As far as I am aware, the Congressman did not send pictures of himself naked, as so much of the media implied. He sent pictures of himself in his underwear, with a discreet outline of his genitals visible. People of a certain age will remember "Underwear That's Funtawear." The men's briefs featured a strategically placed "Big Mac" or "Home of the Whopper" (I'm sure McDonald's and Burger King raked in handsome profits). The women's panties declared their owners "Slippery When Wet." None of us got particularly uptight; if we didn't like the message we didn't wear the underwear. And today pictures much more risque than the ones Mr. Weiner sent out are all over the web.

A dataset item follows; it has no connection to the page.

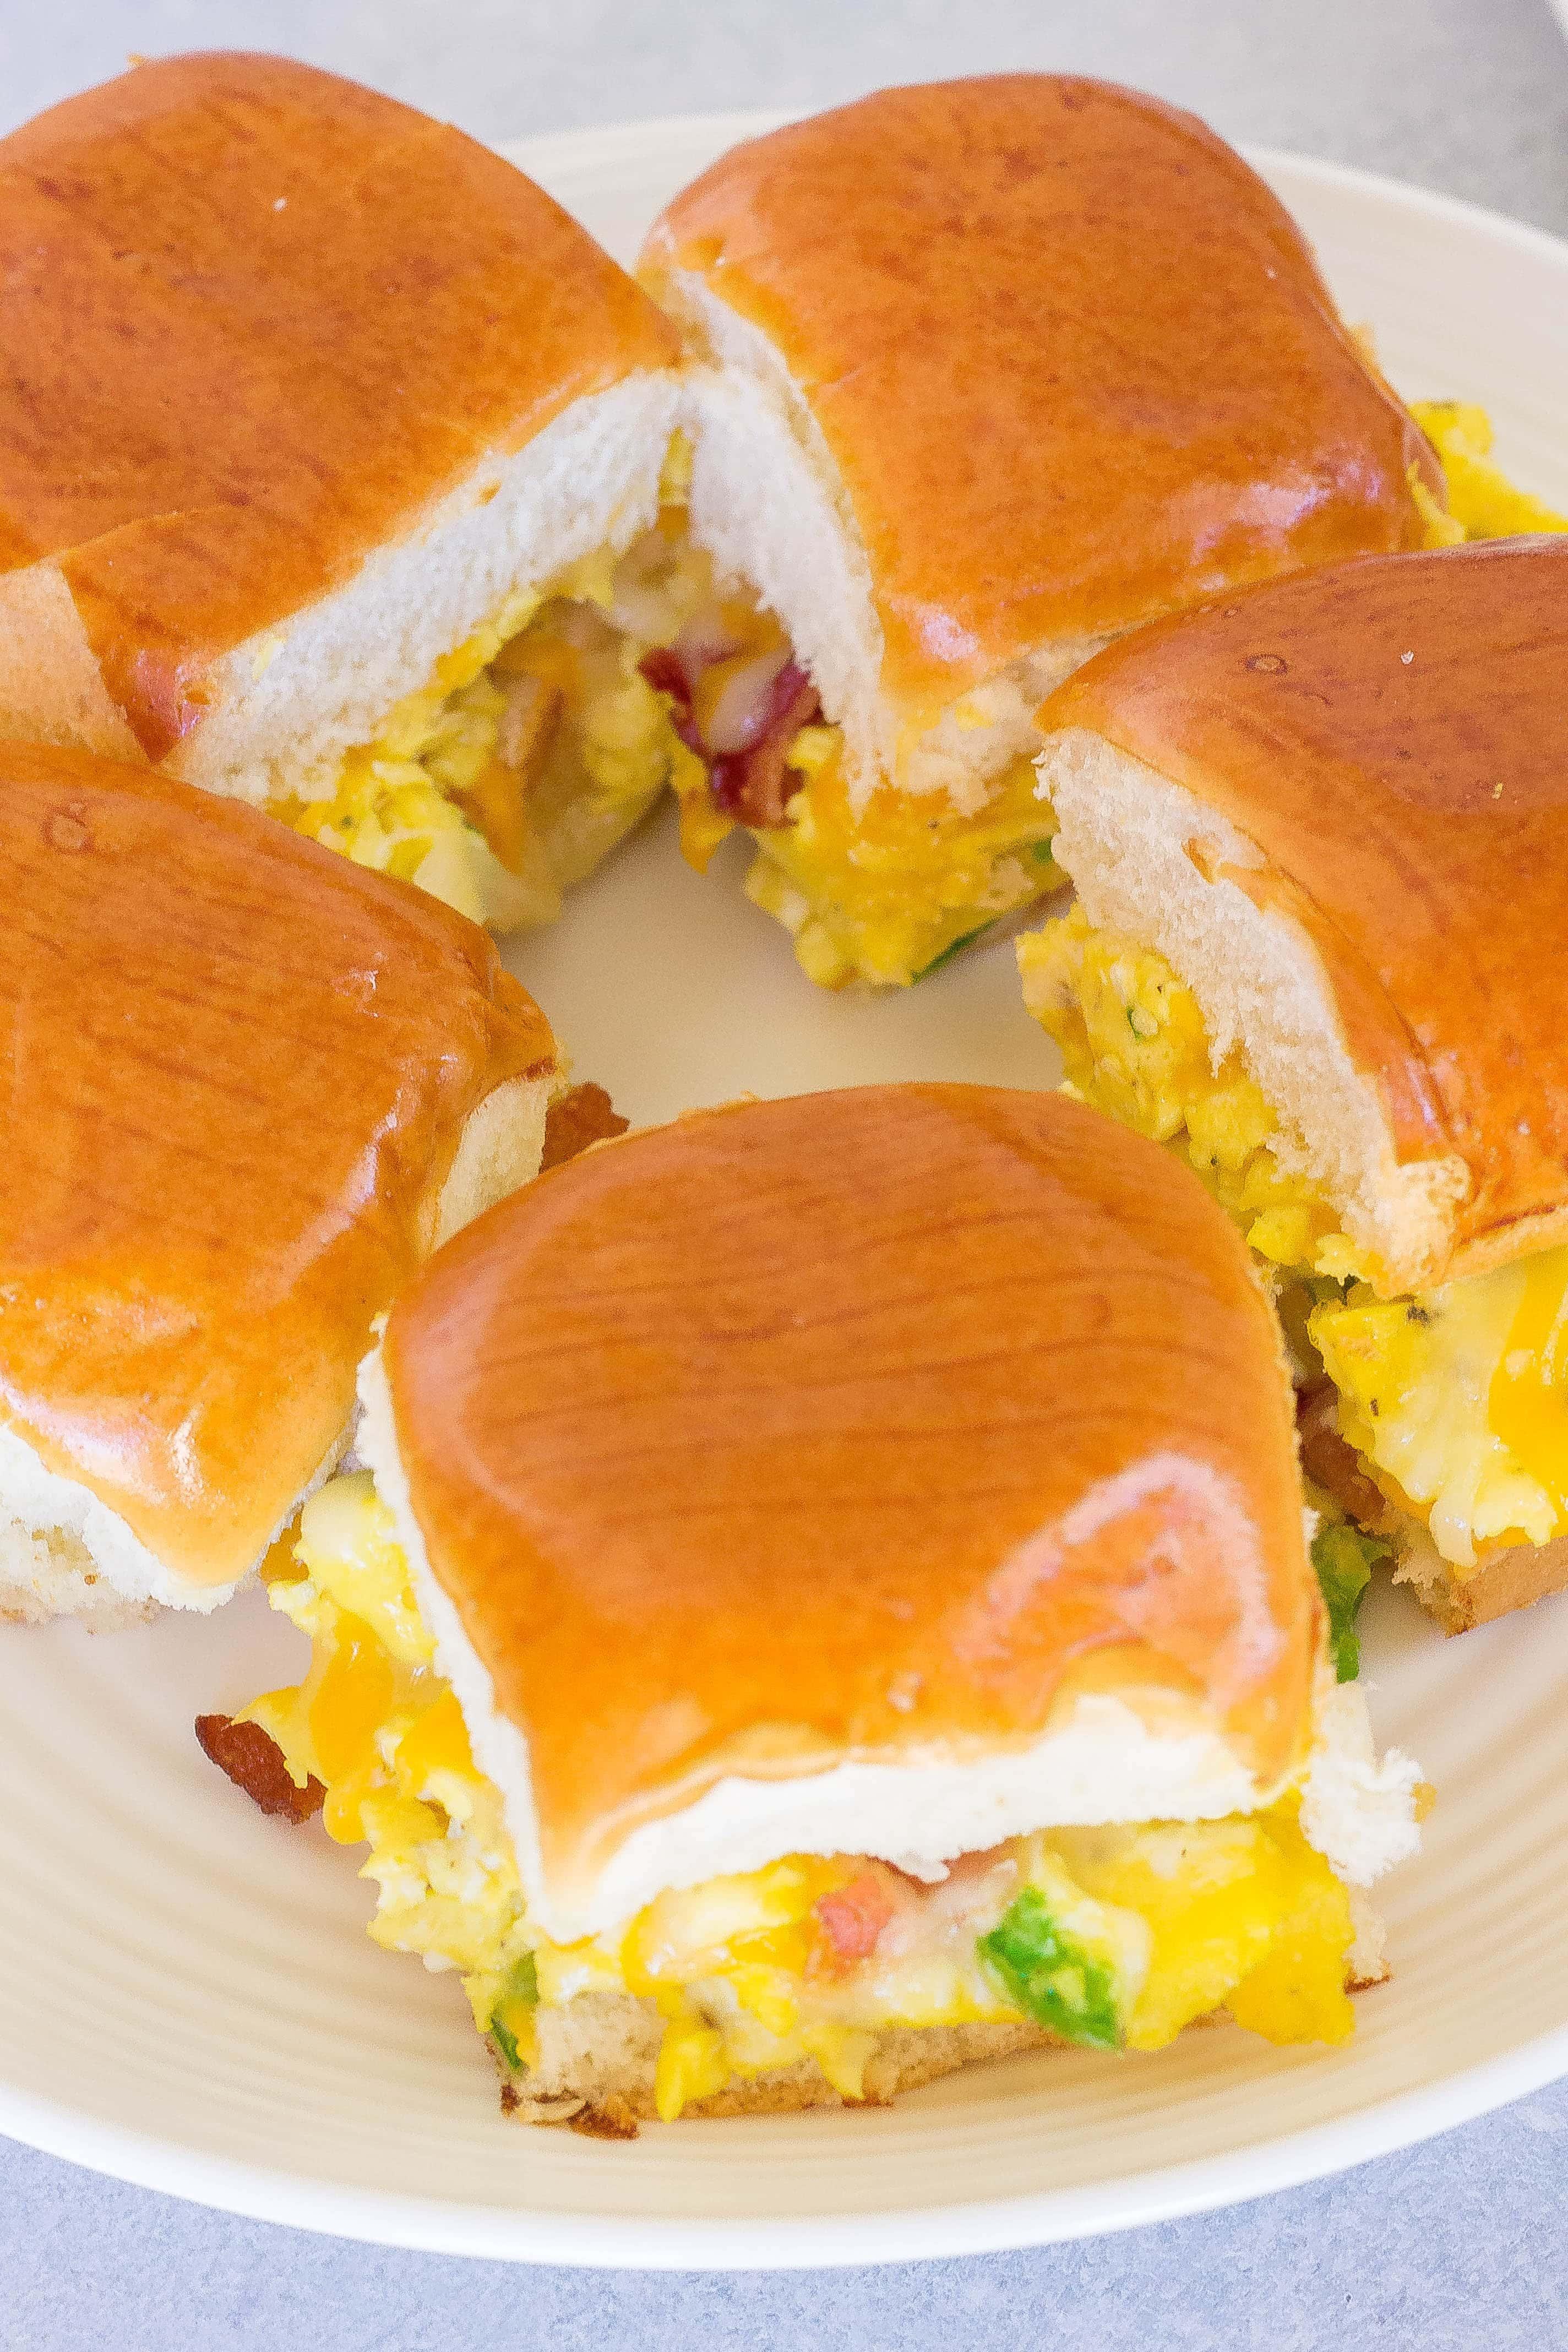 Cheesy Egg & Bacon Breakfast Sliders

Are the Weiner photos any worse than this wrestler, available on a public site?



As far as the shirtless photos go, the man was in a gym for heaven's sake. What is inappropriate about being bare-chested in a gym? Those poor women saw nothing that all of us do not see every day this time of year. Add to that guilt-by-innuendo, when columnists opined that "some of the women might have been under age." The people making the charges have the burden of proof, and none was forthcoming. The age of consent in New York is seventeen. Authorities in the jurisdiction where the 17-year-old in question resided did not have a problem, and neither did the girl's parents, so why do the media have a problem? Conservative pundit Dennis Prager declared that what the Congressman did was worse than an extramarital affair (in which more than one Congressman is known to have indulged), and asked if a teenage boy would rather have his father look at raunchy pictures or have an affair. Well, I'd rather he looked at pictures. Nobody ever contracted a venereal disease from pictures. So Mr. Weiner gave in to a yetzer hara. We all do that on occasion.




What bothers me more than sending the pictures is lying about them once they came to light. If Mr. Weiner was running for the first time, that probably would have caused me to vote against him or sit out the election. But he was our Congressman for a long time, and a very good one. As long as he did not break the law or Congress' code of ethics, the media feeding frenzy was far more unseemly than anything Weiner did. And the feeding frenzy is going to have a chilling effect on the body politic for years to come. If sainthood is now a requirement for public office, who would want to seek public office? Everyone of us is a package. You take us with our good qualities and our faults. And ordinary people will also suffer. I am a biology teacher. It is not beyond the realm of possibility that a 13-year-old student could contact me on the Web with questions about human reproduction. I have no way of verifying her age; neither, probably, did Mr. Weiner. If I keep the conversation on a high level (anatomical names for body parts) but give the student the straight answers she was probably not getting at home or in school, have I done anything wrong? Might I get in trouble for it years down the pike? Such a climate of fear is not healthy for teachers, students or other living things.




We live in a society where sex is used to sell everything from automobiles to zirconia. It is hypocritical, to put it mildly, to jump on a Congressman who sent pictures of himself that were mildly inappropritate (I would not have sent them if I were in his place). So now we lost an effective public official over a tempest in a teapot. Stay tuned.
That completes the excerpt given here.